Nanotechnology in pulmonary drug delivery: Compressible proliposome formulations for nebulization

Abstract

Liposomes are promising carriers for the encapsulation of drug molecules and subsequent delivery to the respiratory tract. The advantages of liposomes as carriers have been widely reported in literature, there are however associated disadvantages such as stability issues when suspended in aqueous media. This has been remedied partially by proliposome formulations (i.e. dry formulation of lipid with carbohydrate carrier). The aim of this work was to develop a novel solid dosage form of "proliposome tablets" (a precursor of liposomes), entrapping beclometasone dipropionate (BDP) as a model hydrophobic drug for the treatment or prophylaxis of asthma.
A novel proliposome formulation method was developed in this study called the "Slurry" method, which is readily scalable to an industrial level. Soya Phosphatidylcholine (SPC) was utilised as the phospholipid component in combination cholesterol, in addition to four carbohydrate carriers (i.e. Lactose monohydrate (LMH), sucrose, sorbitol and D-mannitol), in three formulation ratios (i.e. 1:5, 1:10 and 1:15 w/w lipid to carrier) for the preparation of proliposome powders and tablets. Two dispersion media; deionised water (DW) or deuterium oxide (D2O) were used to generate liposomes from the formulated powders and tablets. Transmission Electron Microscopy studies confirmed that the generated liposomes from the proliposome formulations were multivesicular liposomes. In literature, the entrapment efficiency values in DW are recorded to be in excess of 80%. Using D2O, a novel separation method was developed, through which the entrapment efficiency of BDP in the generated liposomes was found to be in the range of 19.69 - 61.91%, showing great disparity in entrapment efficiency when compared to entrapment in DW. BDP entrapment efficiency was found in the following order of carriers used: Sorbitol > Sucrose > D-mannitol > LMH.

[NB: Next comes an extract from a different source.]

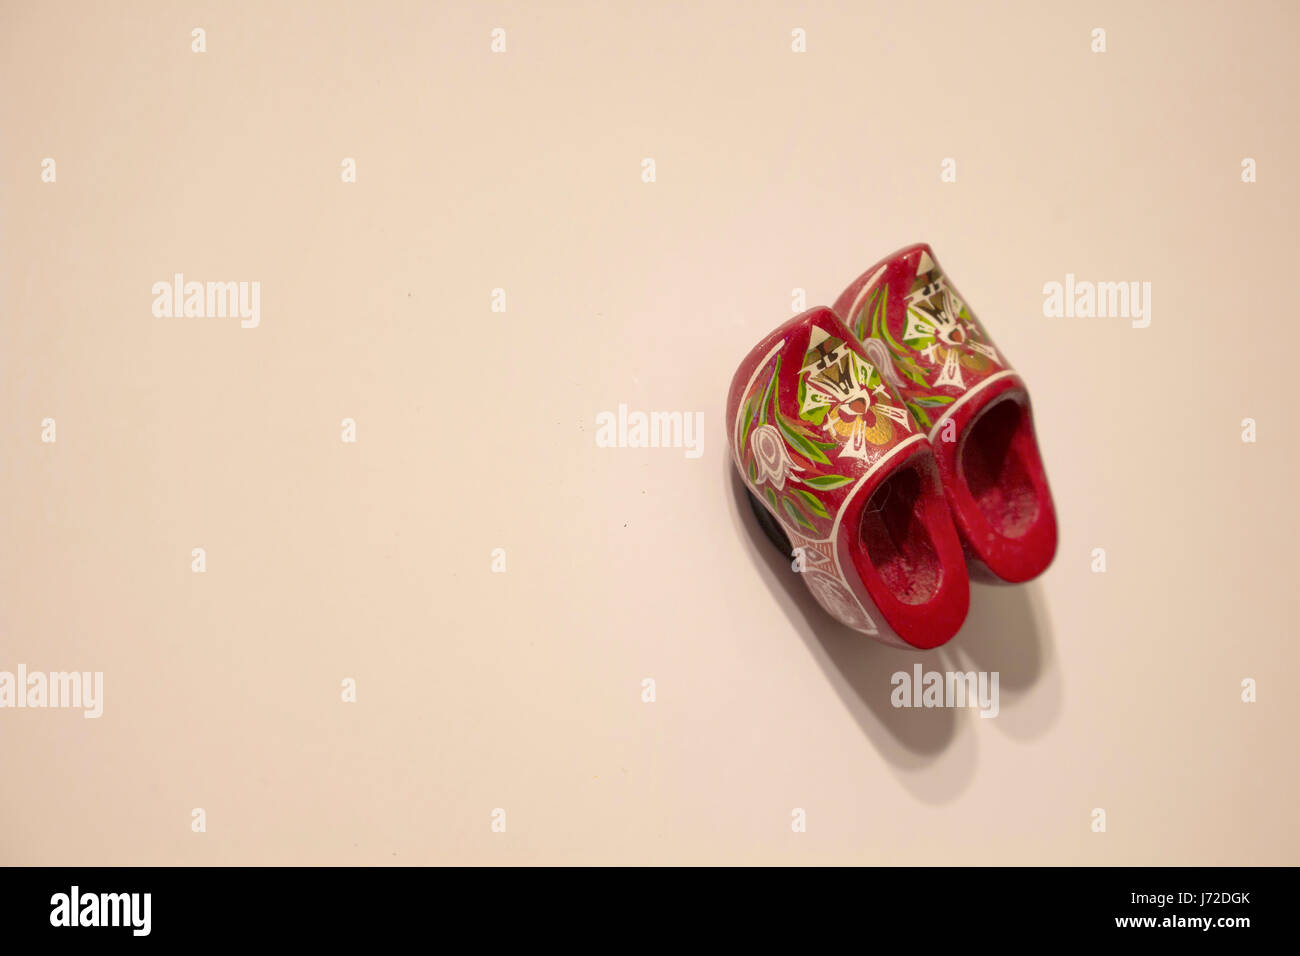 Vue rapprochée de l'aimant (bois isolé en forme de souvenir) Dutch slipper sur fond beige. Floral - fleurs sur elle. Banque D'Images

D-mannitol and sorbitol-based powder formulations were assessed in terms of flowability via tapped density (17.81 + 4.46%) and angle of repose (25.62 + 1.08°), classifying sorbitol as possessing good to excellent flowability. Upon tableting of sorbitol and D-mannitol, formulations at lipid to carrier ratios of 1:10 and 1:15 w/w; were viably compressible into tablets. Furthermore, sorbitol-based tablets at a ratio of 1:15 w/w were observed to be the only carrier-based formulation, using the automated function of the Minipress tablet machine (20 + 2 tablets/minute with a compression force of 3.00 - 4.50 kN). The manufactured tablets were tested in accordance with British and US Pharmacopeial standards. Nebulization studies of formulated proliposome powders and tablets (Sorbitol and D-mannitol-based) were conducted to identify the most efficient formulation for pulmonary delivery. Tablets manufactured from sorbitol-based proliposome powders (1:15 w/w ratio) offered the shortest nebulization and sputtering times (24.18 + 0.16 and 2.42 + 0.54 minutes), with a high output rate (180.20 + 0.31 mg/minute). Liposome size for the 1:15 w/w lipid to carrier ratio, prior to nebulization, for sorbitol tablets was 5.85 + 0.86 µm. Moreover, this size was smaller than the liposomes found in the nebulizer reservoir i.e. (10.38 + 1.11 µm). Based on entrapment efficiency, tableting and nebulization studies, sorbitol-based proliposome formulations at the 1:15 w/w lipid to carrier ratio; a six-month stability study was carried out under various conditions (Room, Fridge and Hot temperature i.e. 22 + 1°C, 6 + 1°C and 40 + 1°C), and testing (size, charge, entrapment efficiency and a set of quality control tests) at monthly intervals. Liposome size increased dramatically from the control sample size (5.9 + 0.7 µm), to (9.19 + 0.81 µm) at 40°C on month six. The entrapment efficiency dropped significantly at 40°C decreasing from 57.43 + 9.12% (control tablets) to 32.56 + 5.47% at the sixth month of Hot temperature storage. This was posed to be due to degradation of the lipid under high temperature.
These research findings established sorbitol-based proliposome formulations (in a 1:15 w/w lipid to carrier ratio) to be the most appropriate for tableting on an industrial scale. Proliposome formulation and entrapment efficiency studies identified a novel method of liposome separation and proliposome manufacture. Nebulization and stability studies indicated that proliposome tablets are a viable option for pulmonary drug delivery eliciting high stability when sorbitol was used carbohydrate carrier in proliposome.